Regulation of Gene Expression and Mutations

• Operons: Regulatory units in prokaryotes consisting of a regulator, control locus (promoter/operator), and structural locus.

  • Inducible (Lac Operon): Normally OFF. Turned on by the substrate (lactose). Lactose (inducer) binds the repressor, causing it to fall off the operator.

  • Repressible (Arg Operon): Normally ON. Turned off by product accumulation (arginine). Arginine binds to the repressor, enabling it to bind the operator and block synthesis.

• Mutations: Changes in the nitrogen base sequence.

  • Spontaneous: Errors in replication without a known cause.

  • Induced: Caused by exposure to mutagens (radiation/chemicals).

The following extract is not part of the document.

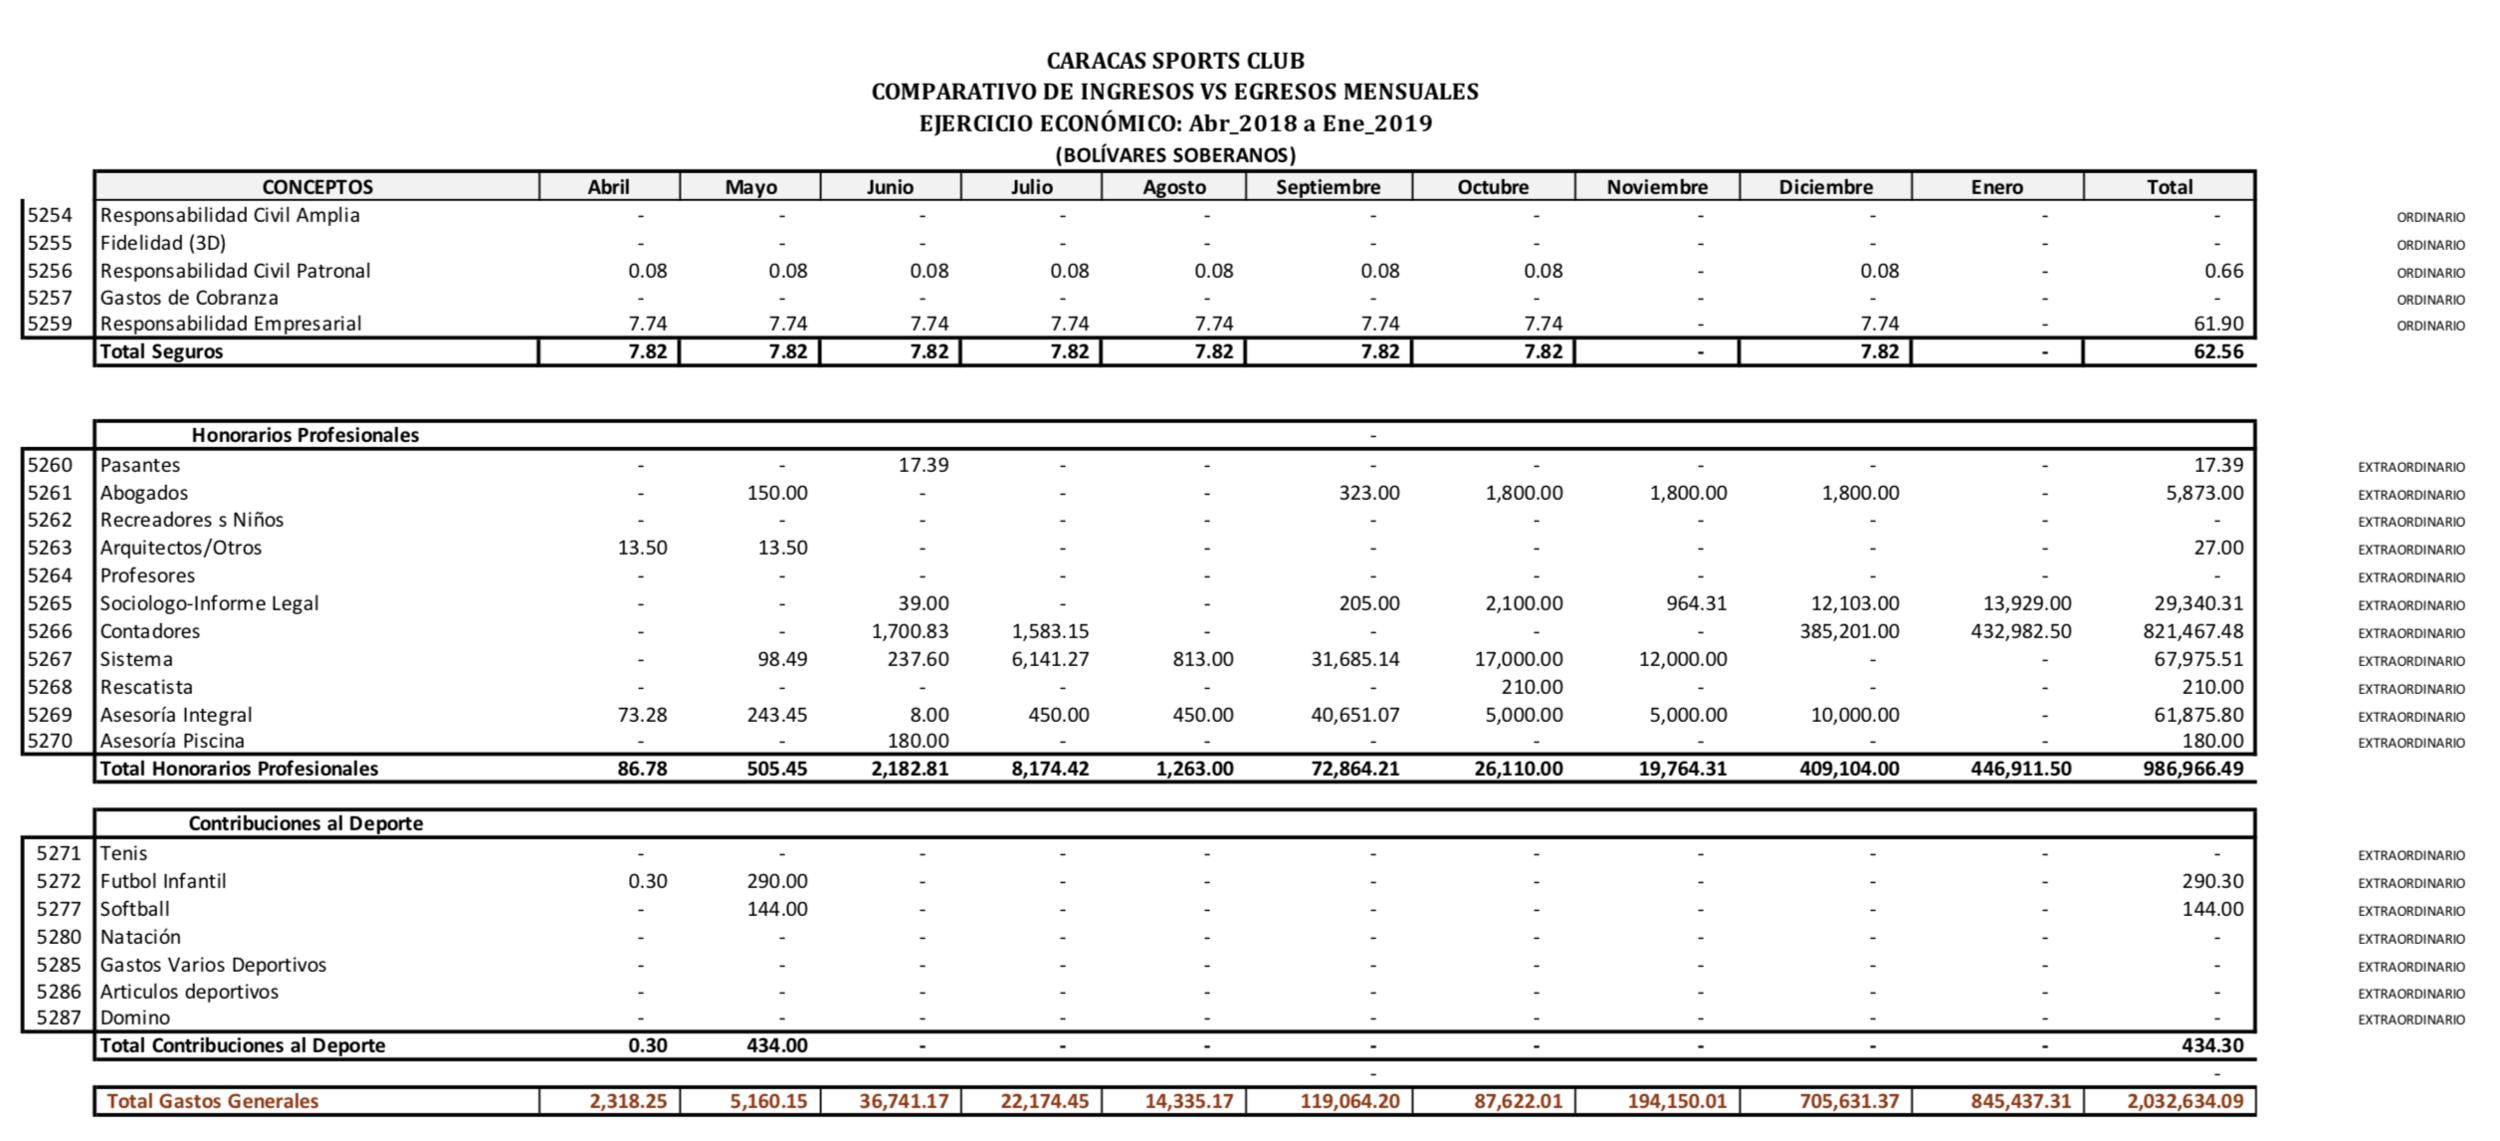 Información Financiera Abr/2018_Ene/2019 - Resumen Egresos

• Categories of Point Mutations:

  • Missense: Changes a single amino acid.

  • Nonsense: Changes a normal codon into a stop codon (usually severe).

  • Silent: Altered base does not change the amino acid.

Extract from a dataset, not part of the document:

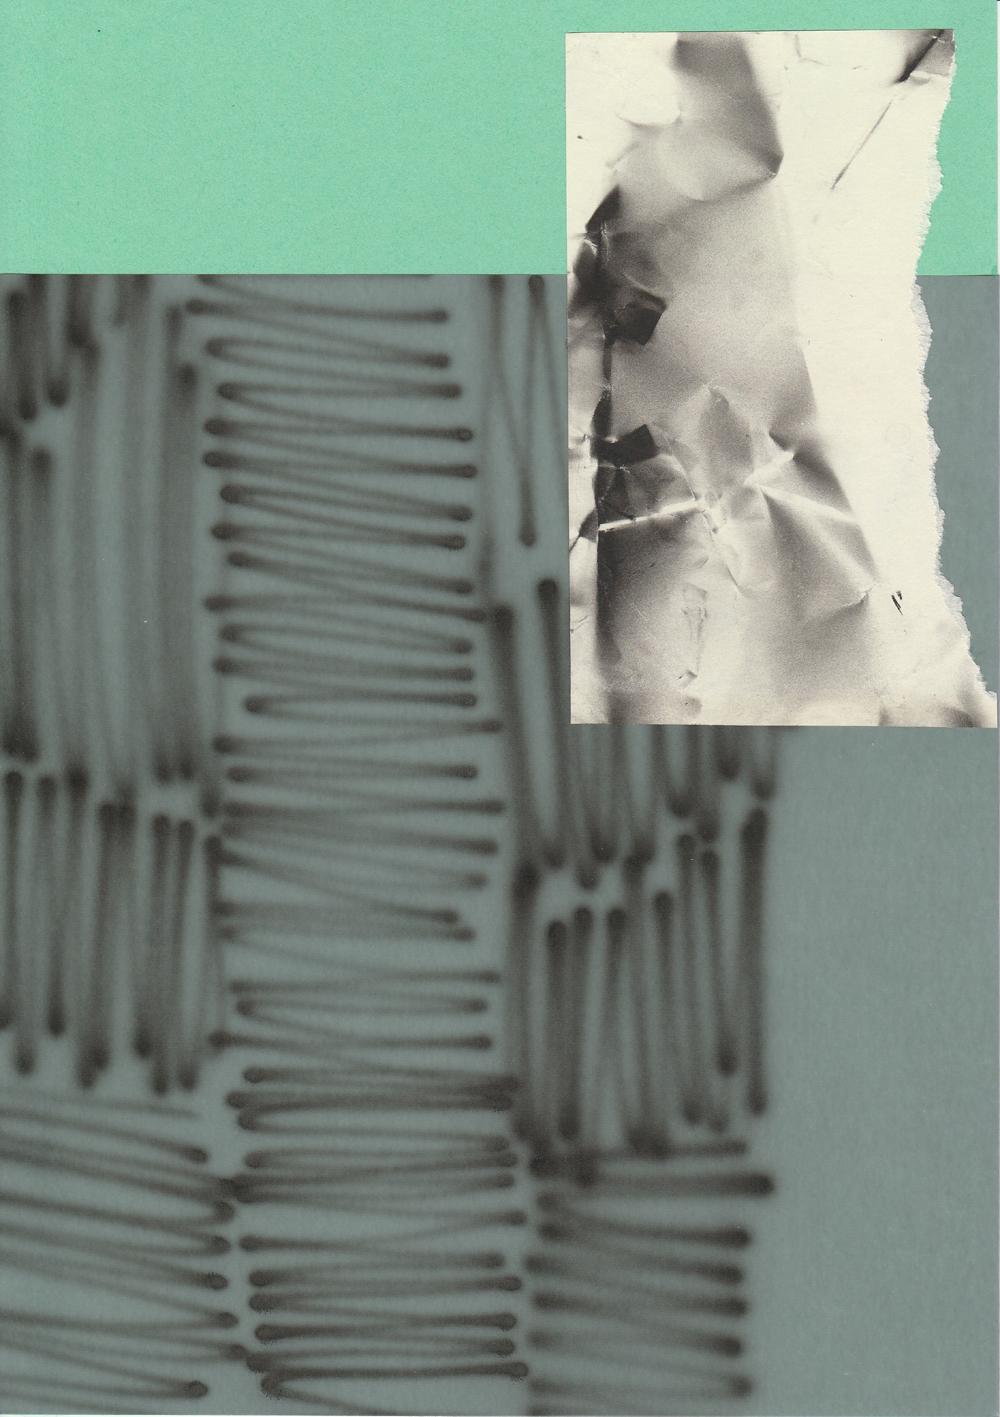 Rita Koszorús – Zo série SchMerzbild / Collage, 2019

  • Back-mutation: Mutated gene reverses to original sequence.

  • Frame-shift: Addition or deletion of bases alters the entire reading frame (usually results in nonfunctional proteins).

Genetic Transfer and Engineering

• Genetic Recombination:

  • Conjugation: Direct transfer via pilus. Donor ($F^+$) transfers a plasmid to recipient ($F^-$).

  • Transformation: Indirect transfer; recipient cell accepts $DNA$ fragments from a lysed donor cell.

  • Transduction: Bacteriophage carries $DNA$ from a donor to a recipient.

• Transposons: "Jumping genes" that shift locations within the genome.

• Recombinant DNA Technology: Deliberate modification of an organism's genome for industrial or medical use.

  • Cloning: Inserting a target gene into a vector (plasmid/virus) and then into a cloning host (bacteria/yeast).

• Genetically Modified Organisms (GMOs):

  • Medical Products: Insulin, Human Growth Hormone ($HGH$), Factor VIII, Erythropoietin ($EPO$), Interferons.

  • Plants: Purple cherry tomatoes (high antioxidants), Wheat (fungal resistance), Golden rice (beta-carotene).

  • Animals: Pig (Factor VIII), Sheep (alpha antitrypsin), Goat (spider silk in milk).

• Gene Therapy:

  • Ex Vivo: Cells removed, treated with a healthy gene, and reinserted.

  • In Vivo: Naked $DNA$ or vectors introduced directly into the body.

• Metabolism is defined as all chemical and physical workings of the cell. It encompasses thousands of distinct reactions occurring simultaneously, facilitating growth, reproduction, structural maintenance, and environmental response.

• Metabolism is divided into two primary general categories:

  • Catabolism: This involves the degradation or breaking down of larger molecules into smaller molecules. These reactions are typically exergonic, meaning they involve the releasing of energy, which can be harnessed to perform cellular work. Common catabolic pathways include glycolysis and the citric acid cycle that break down glucose and fatty acids.

  • Anabolism (Biosynthesis): This involves building larger biomolecules from smaller building blocks such as amino acids and nucleotides. These reactions are typically endergonic, requiring energy input that is harvested from catabolic processes. Examples include protein synthesis and DNA replication.

• Linkage and Complementarity: While anabolism and catabolism have opposite effects, they are fundamentally linked and complementary; a cell cannot maintain one without the other. This relationship is crucial for the overall energy balance within the cell, as the energy released from catabolic reactions powers anabolic reactions.